The Committee for Equal Justice

The Committee for Equal Justice (also known as the Committee for Equal Justice for the Rights of Mrs. Recy Taylor) was an organization founded with the goal of assisting black women reclaim their bodies against sexual violence and interracial rape.[1] Recy Taylor and Rosa Parks founded the committee in 1944 after six white men kidnapped and raped Taylor, an African-American woman, as she left her Abbeville, Alabama church.[2] Taylor's case garnered heavy media coverage.

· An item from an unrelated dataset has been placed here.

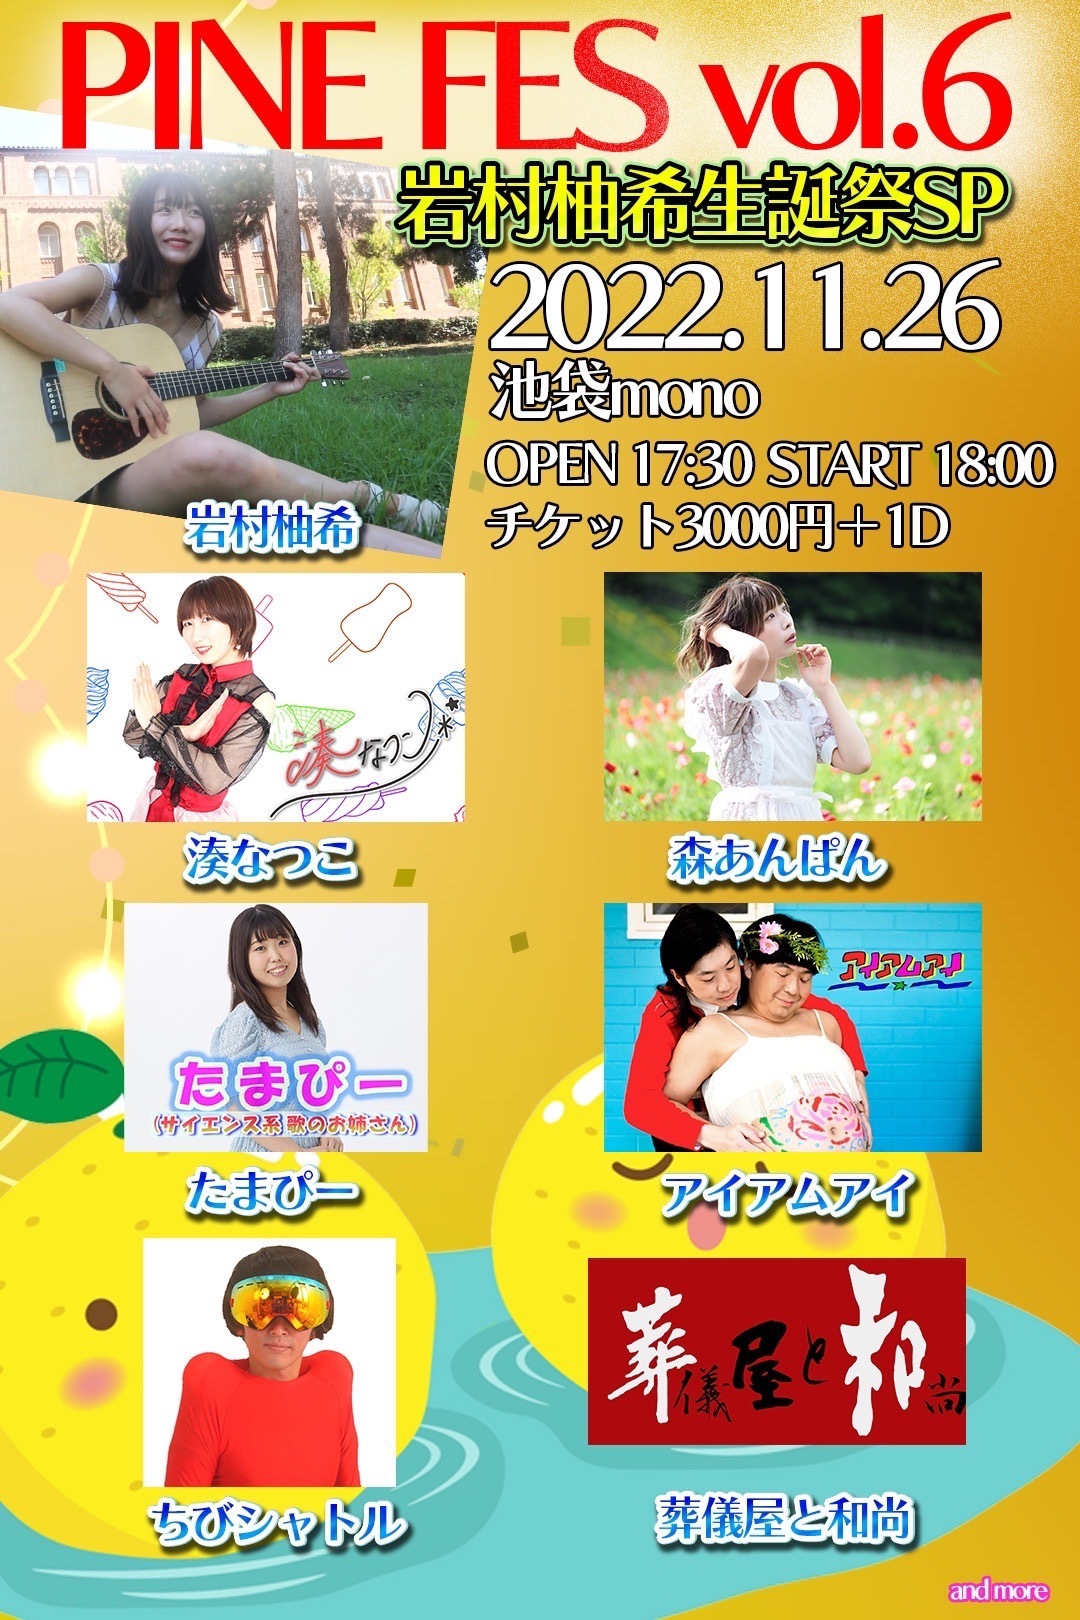 パインフェス Vol.6「岩村柚希生誕祭SP」を
池袋 LiveHouse monoにて11月26日(土)に開催

With this attention came national support, which led to what the Chicago Defender called the "strongest campaign for equal justice to be seen in a decade."[3] Committee members formed eighteen chapters [4] across the United States, and included such figures as WEB DuBois, Mary Church Terrell, Oscar Hammerstein II, John Sengstacke and Langston Hughes, among others.[5]

  1. ^ Danielle L. McGuire, At the Dark End of the Street: Black Women, Rape, and Resistance--a New History of the Civil Rights Movement from Rosa Parks to the Rise of Black Power (New York: Vintage Books, 2011) 23.
  2. ^ Jeanne Theoharis, The Rebellious Life of Mrs. Rosa Parks (Boston: Beacon Press, 2013) 23.
  3. ^ McGuire, At the Dark End of the Street, 22.
  4. ^ McGuire, At the Dark End of the Street, 26.
  5. ^ McGuire, At the Dark End of the Street, 31.